When she had gone, Gabriella went back into the nursery, and stood looking down at little Frances, who had fallen asleep, with the smile of an angel on her face. “I wonder if I can be the least bit like Jane?” she said aloud while she watched the sleeping child.
George did not come home to dinner; and the wonder was still in Gabriella’s mind when she dressed herself in her black net gown, and went downstairs to meet Florrie, who looked younger and more brilliant than ever in a dress of white and silver brocade. Florrie’s husband, a dreamy, quiet man,—the safe kind of man, Gabriella reflected, who inevitably marries a dangerous woman—regarded his noisy wife with a guileless admiration which was triumphantly surviving a complete submergence in the sparkling shallows of Florrie’s personality. He was a man of sense and of breeding. He possessed the ordinary culture of a gentleman as well as the trained mind of a lawyer, yet he appeared impervious alike to the cheapness of Florrie’s wit and the vulgarity of her taste. Her beauty had not only blinded him to her mental deficiencies; it had actually deluded him into a belief in her intelligence. He treated her slangy sallies as if they were an original species of humour; he accepted the sweeping comment of her ignorance as if it had been an inspired criticism of life. While she chattered, parrotlike, to the judge, who was obviously impressed by her appearance, Algernon listened to her ejaculatory conversation with a mixture of admiration and awe.

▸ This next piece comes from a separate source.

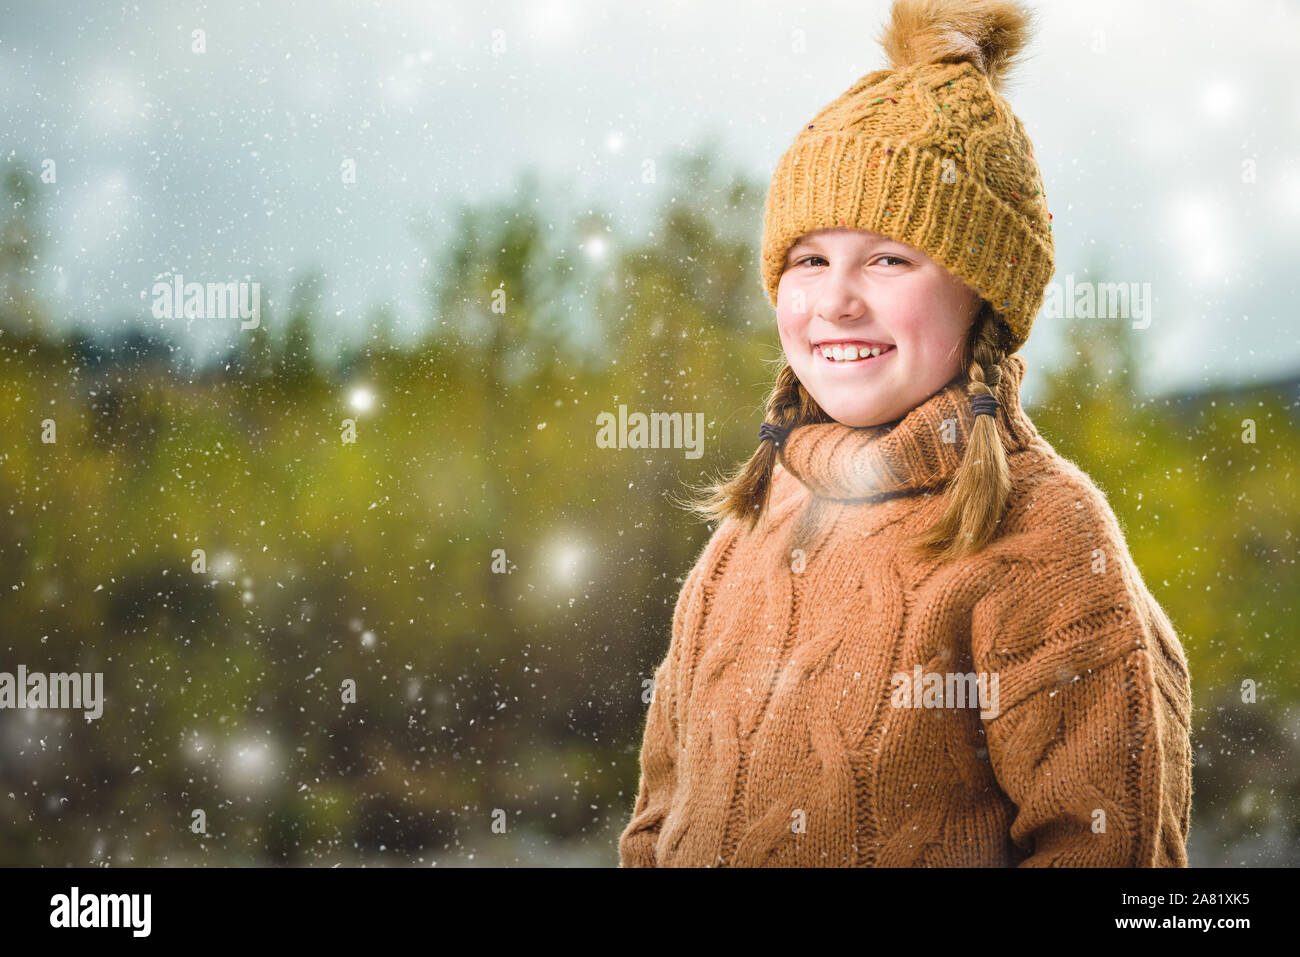 Hermosa chica rubia en un suéter de lana y una gorra. Hermoso paisaje otoñal con un río en el fondo. Foto de stock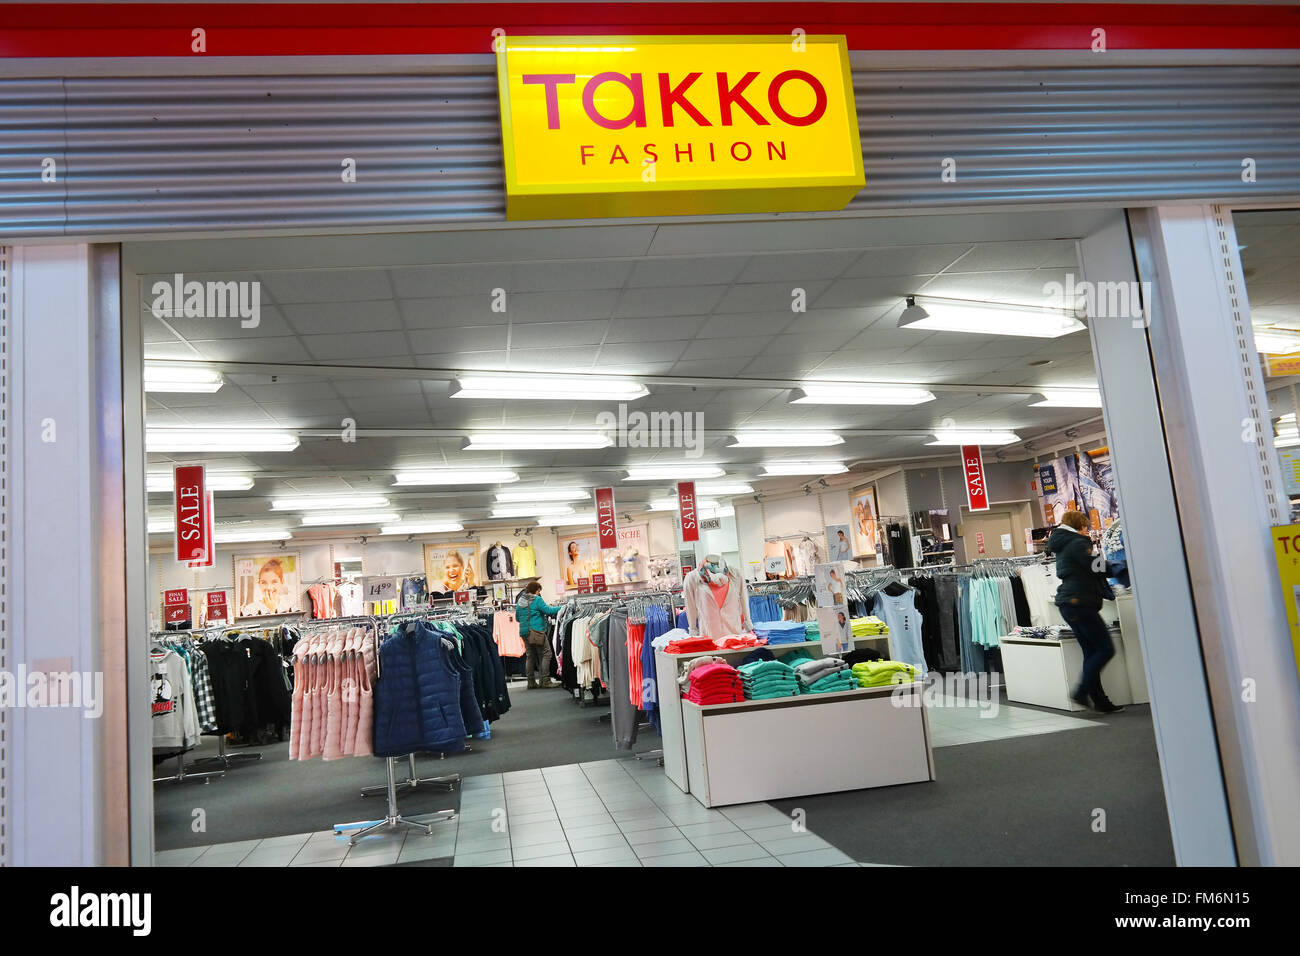 Branch of Takko Fashion, textile retailer Stock Photo - Alamy

“How do you think Florrie is looking?” he asked in a low tone of Gabriella, while his wife’s laugh, high, shrill, penetrating in its dry soprano quality, fluted loudly on the opposite side of the table. Beside Patty’s patrician loveliness, as serene and flawless as that of a marble goddess, Florrie appeared cheap, common, and merely pretty to Gabriella. The hard brilliancy of her surface was like a shining polish which would wear off with sleep and have to be replenished each morning; and while she watched her, Gabriella saw, in imagination, a vaguely ominous outline surrounding her which might have been the uncertain edge of her mother’s shadow. In twenty-five years Florrie would be the image of her mother—protuberant hips, pinched waist, mottled complexion, and hopelessly tarnished hair; yet, with this awful prospect before him, Algernon could appear not only tolerant, but positively adoring. He had seen Bessie—he had known her for years—and he could marry her daughter!
“I never saw her look handsomer,” said Gabriella, “that white and silver gown is very becoming.”
“That’s what I told her, but she wouldn’t believe me. She thought it was too plain for her style. Your sister-in-law is something of Florrie’s type, isn’t she? Not quite so striking a figure, perhaps, but the same sort of colouring.”
Was it possible that for the first time in his life the simple Algernon was speaking in irony? Turning in her chair, she looked questioningly into his kind, grave face, so empty of humour, into his serious gray eyes, which followed each movement of his wife’s with admiring attention. No, he was not ironic; he was perfectly solemn. It was a miracle—a miracle not of piety, but of passion—that she was witnessing.